The other piece of the equation MSPs can influence is education. Ideally, every employee would already be well-versed in all things security, but this is unfortunately not the case. Instead, they need both initial education and continual reminders of how to manage their personal information and credentials.
To create a culture of security, MSPs can offer education platforms such as ID Agent’s BullPhish (which provides ongoing reminders and awareness via articles and videos that speak directly to end users) to get employees up to speed on protecting their company data. Without the proper context, employees tend to ignore security because they’re simply unaware of the breadth and scope of threats to their employers.
Once empoyees understand the situation, they’re typically eager to participate. By actively involving employees in security, they shift from risk factors and weak points to a network of sensors on the edges, helping to identify possible holes in a company’s defenses.

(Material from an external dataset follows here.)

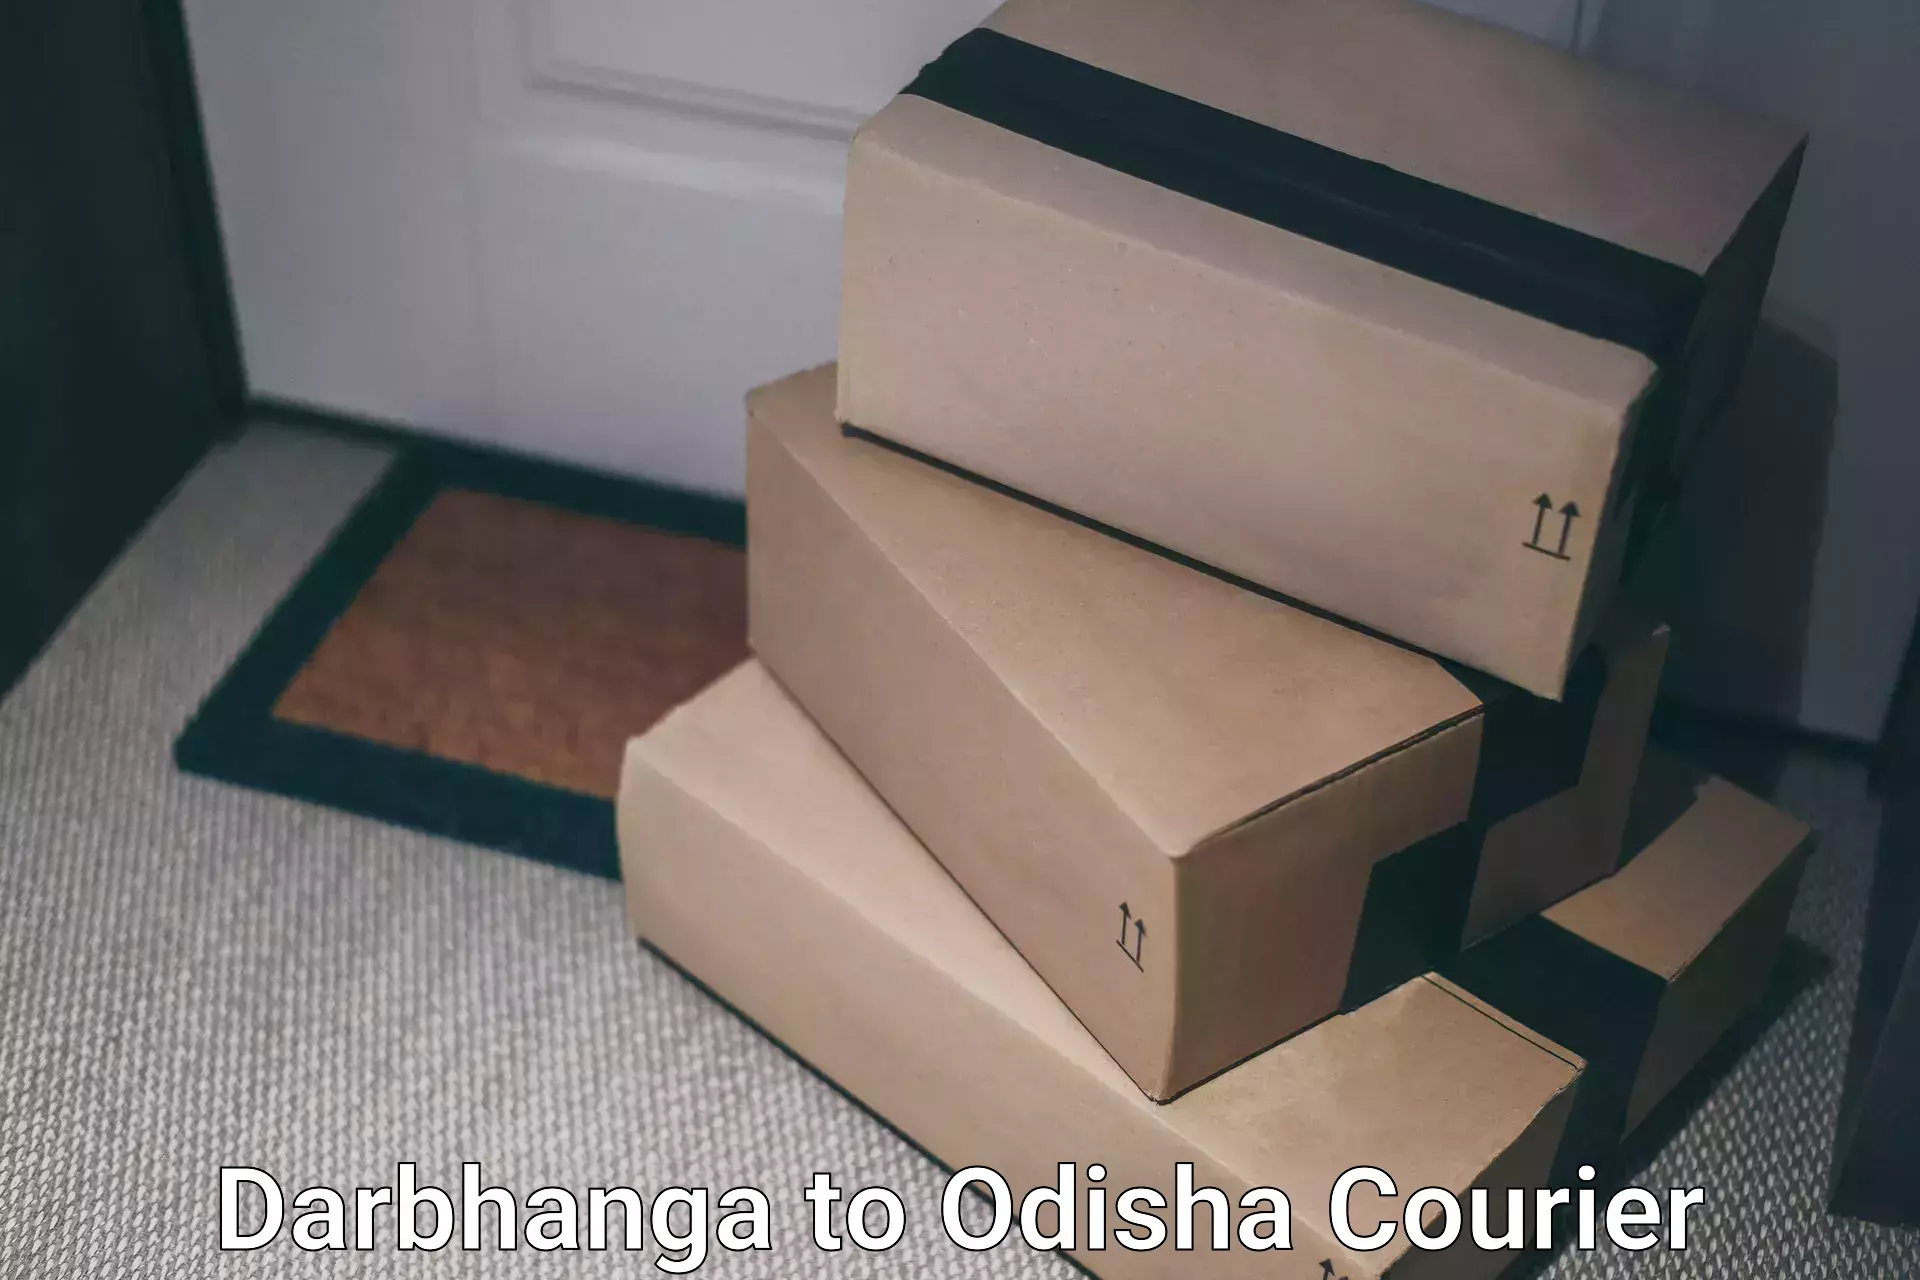 User-friendly courier app Darbhanga to Odisha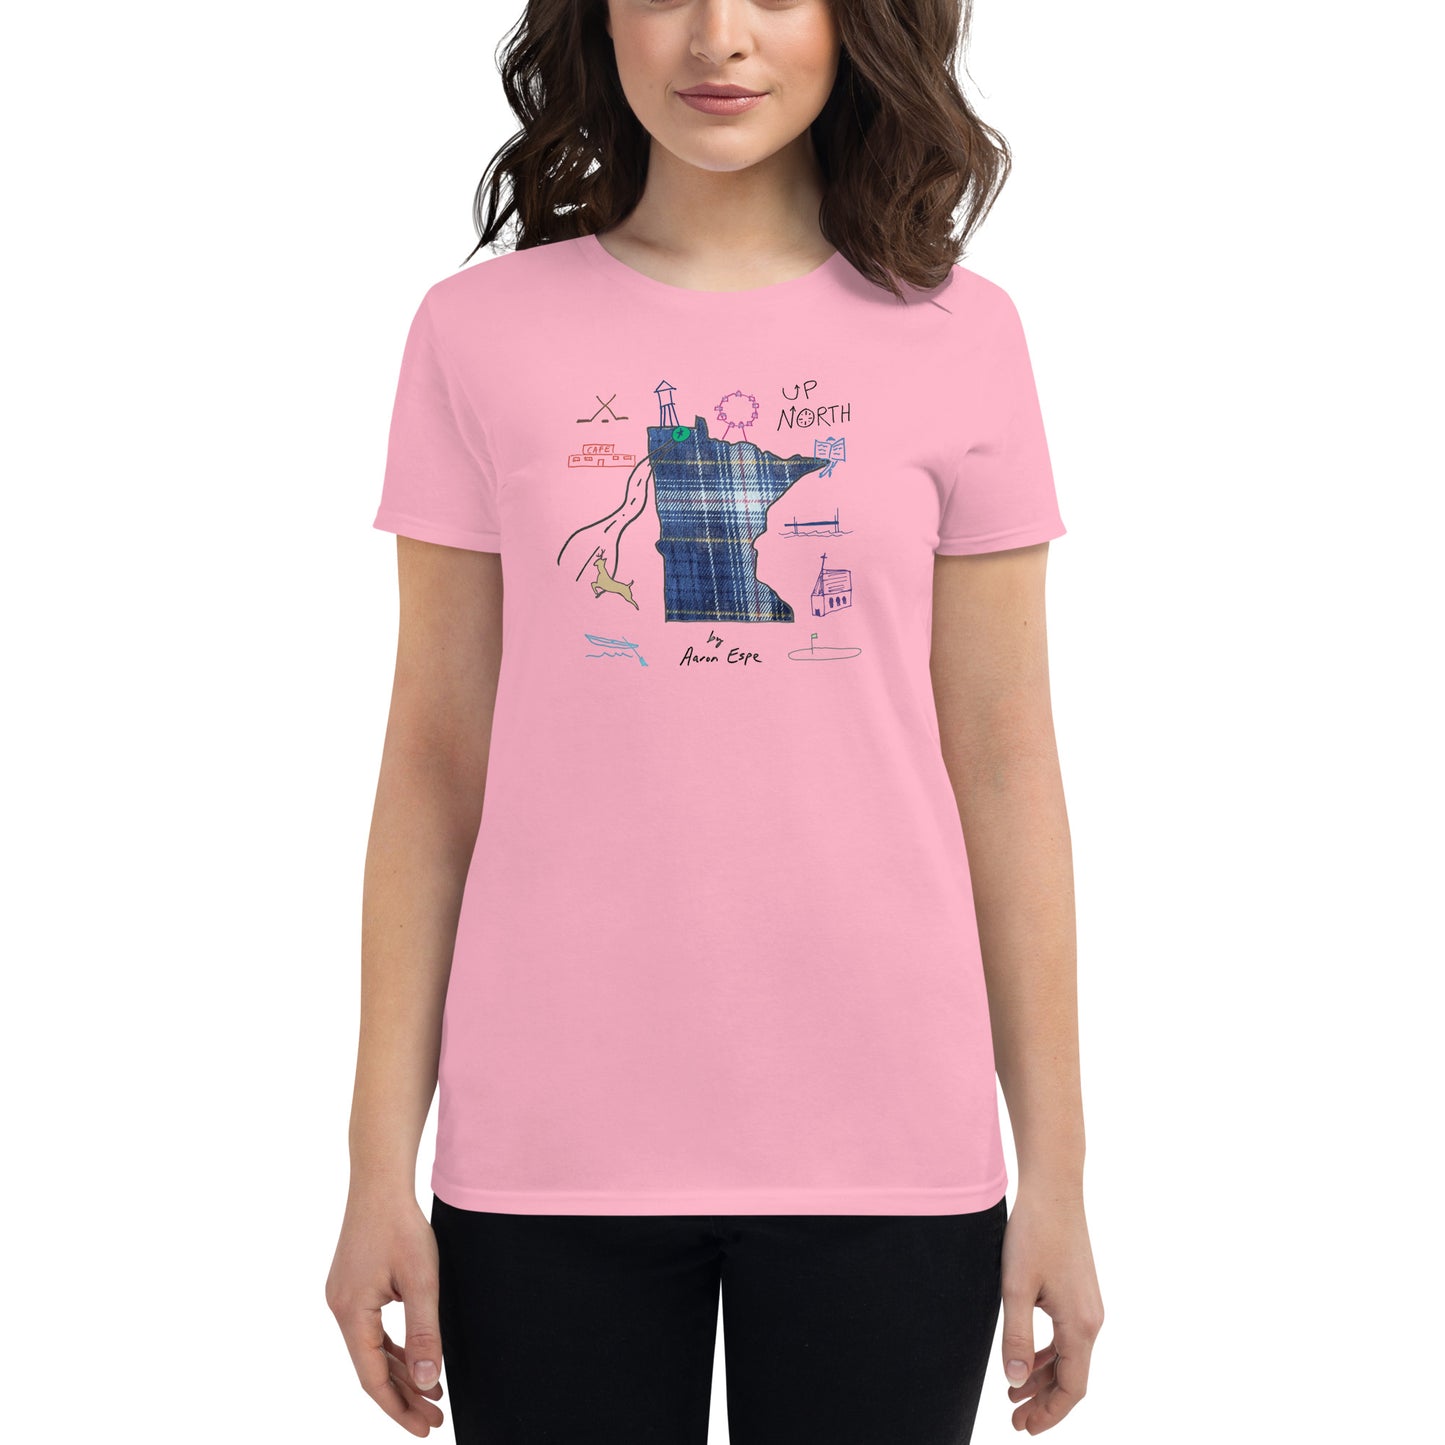 Women's Crewneck T-Shirt Up North Art

Don’t Wait For Something Bad To Happen.
Proactive, preventive measures are the best defense against security threats. MSPs simply cannot afford to wait for an incident and then react after the fact. Not only can it damage reputations and customer relationships, but it can also put an MSP out of business permanently.
Security is no longer optional, which means MSPs must take a hard line with customers and prospects for everyone’s sake. No deal is worth destroying the entire business, and proper security requires the active involvement of every employee, not just the IT department.